## Work to complete
Whenever a line in this data holds the word "passes", report that line in full.

## Provided information
- - - - - - -

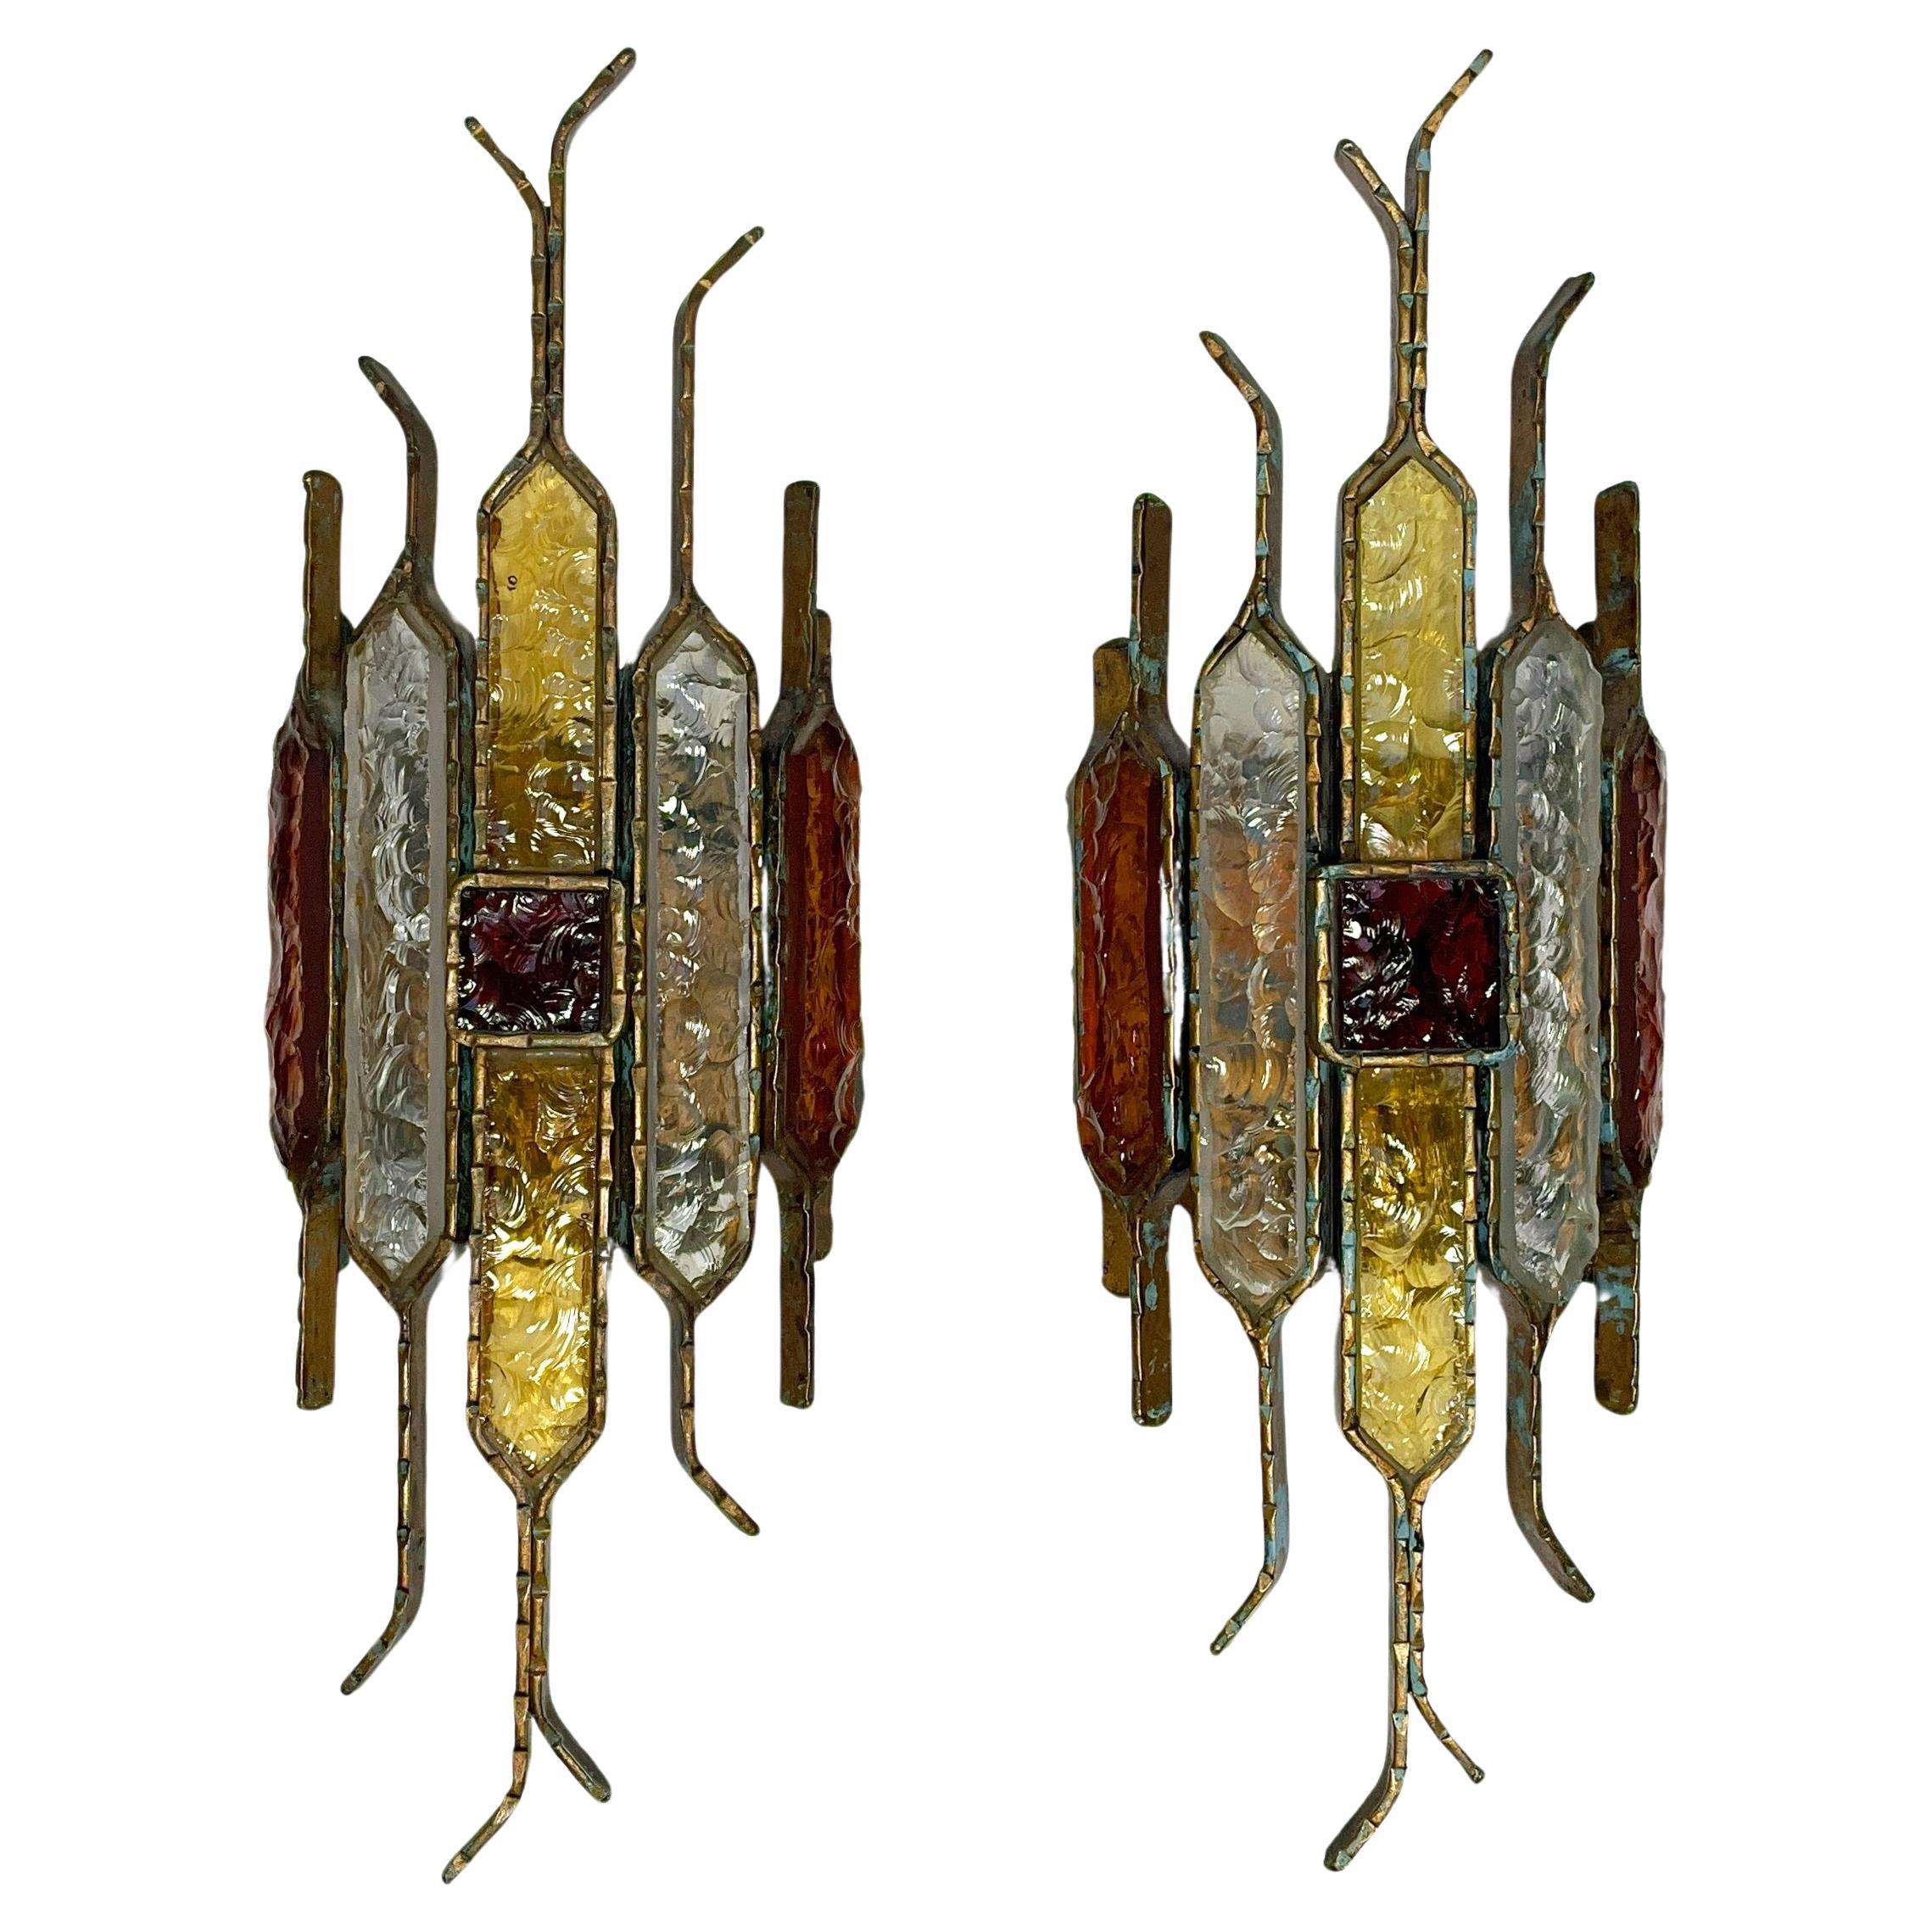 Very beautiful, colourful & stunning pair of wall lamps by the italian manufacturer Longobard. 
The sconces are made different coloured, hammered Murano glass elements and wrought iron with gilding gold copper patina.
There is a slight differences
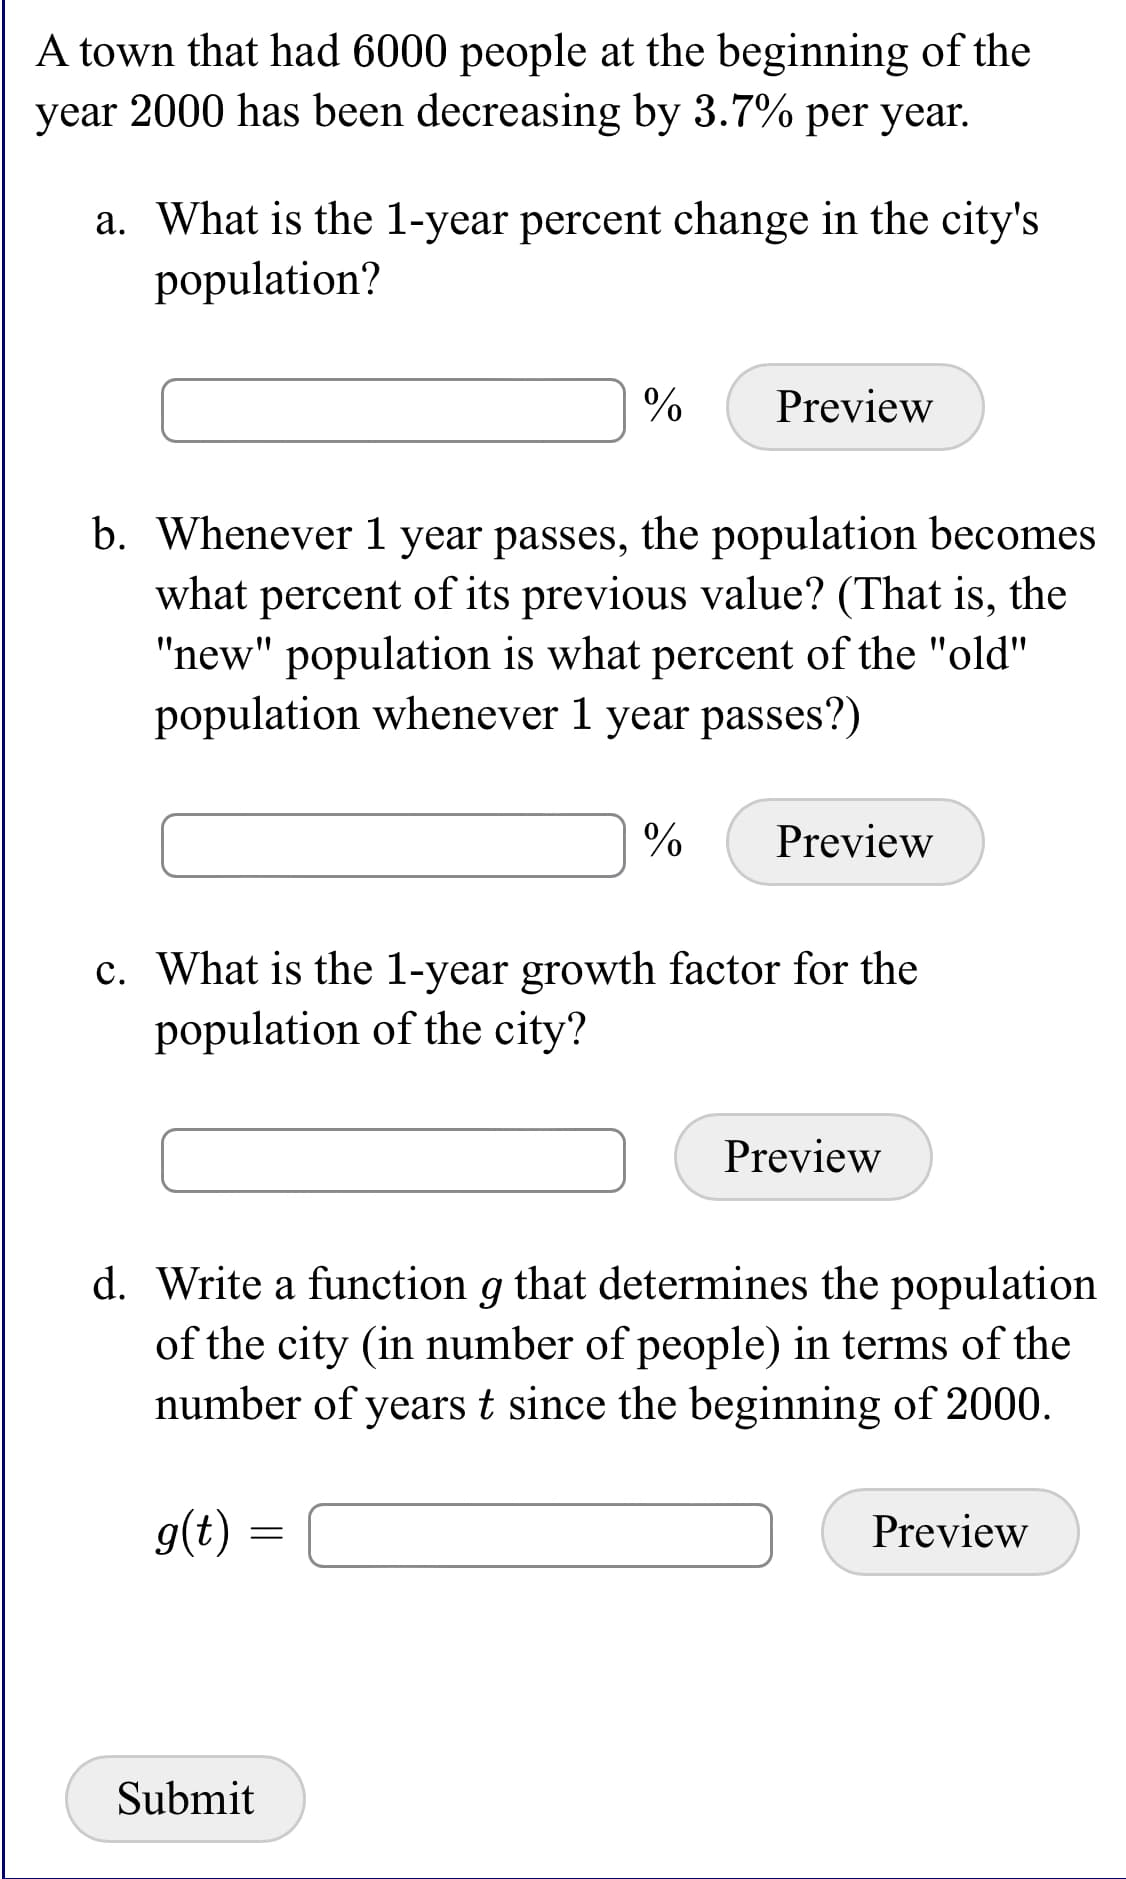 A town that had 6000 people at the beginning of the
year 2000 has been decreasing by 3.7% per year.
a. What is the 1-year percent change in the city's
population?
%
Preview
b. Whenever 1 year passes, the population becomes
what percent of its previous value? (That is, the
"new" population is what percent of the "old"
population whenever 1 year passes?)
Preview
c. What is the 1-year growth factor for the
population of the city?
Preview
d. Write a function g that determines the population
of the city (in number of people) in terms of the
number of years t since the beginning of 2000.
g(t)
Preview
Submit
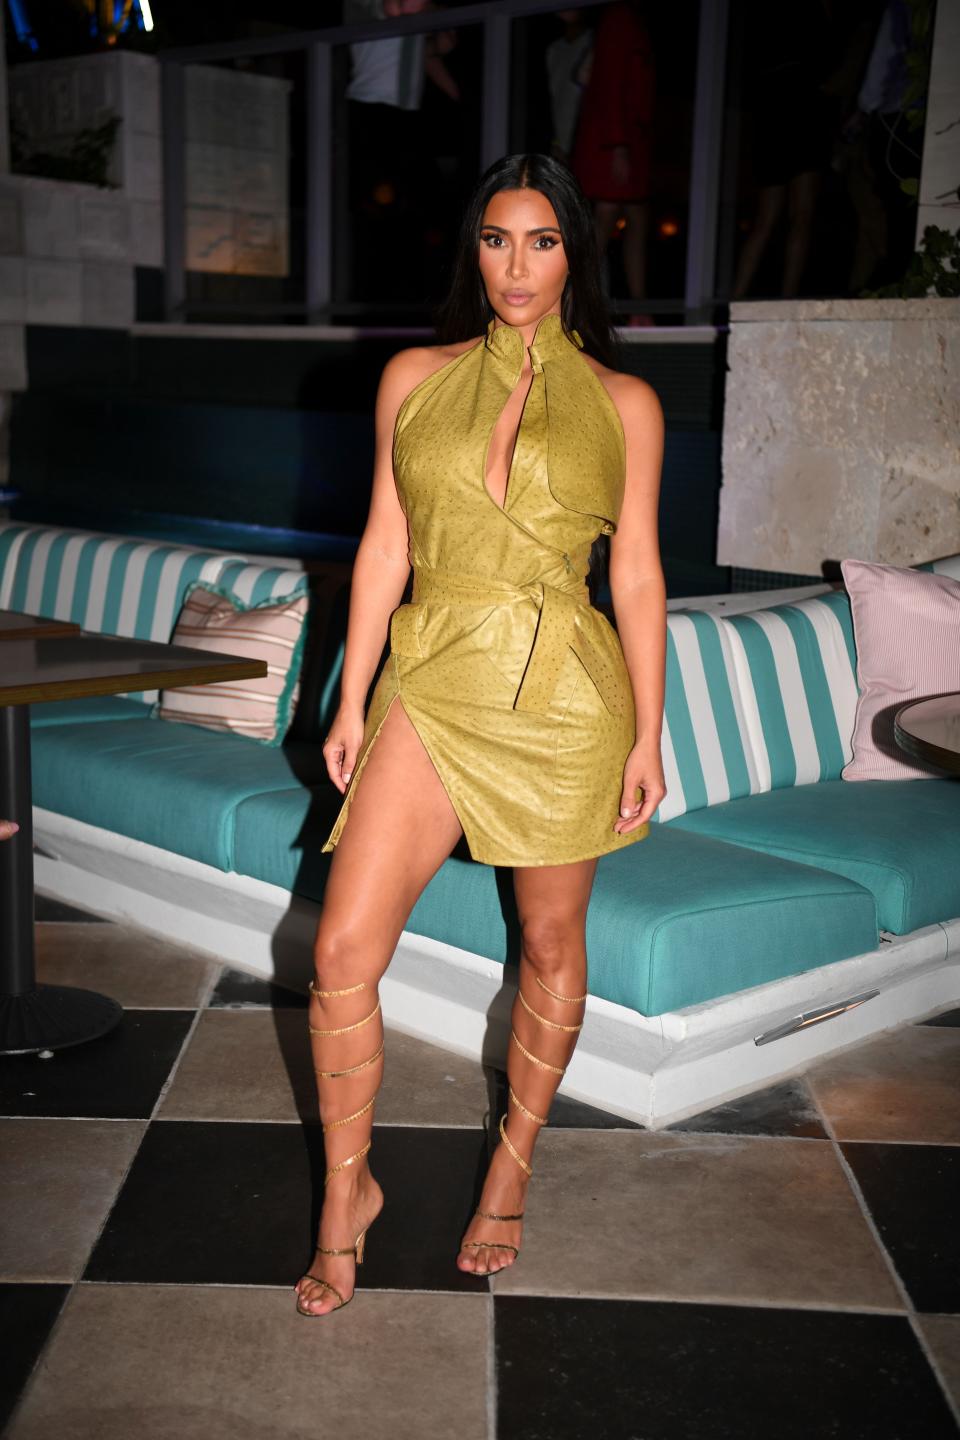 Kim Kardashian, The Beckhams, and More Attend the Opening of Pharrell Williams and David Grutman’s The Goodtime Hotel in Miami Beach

- - - - - - -

## Response to the task
b. Whenever 1 year passes, the population becomes
population whenever 1 year passes?)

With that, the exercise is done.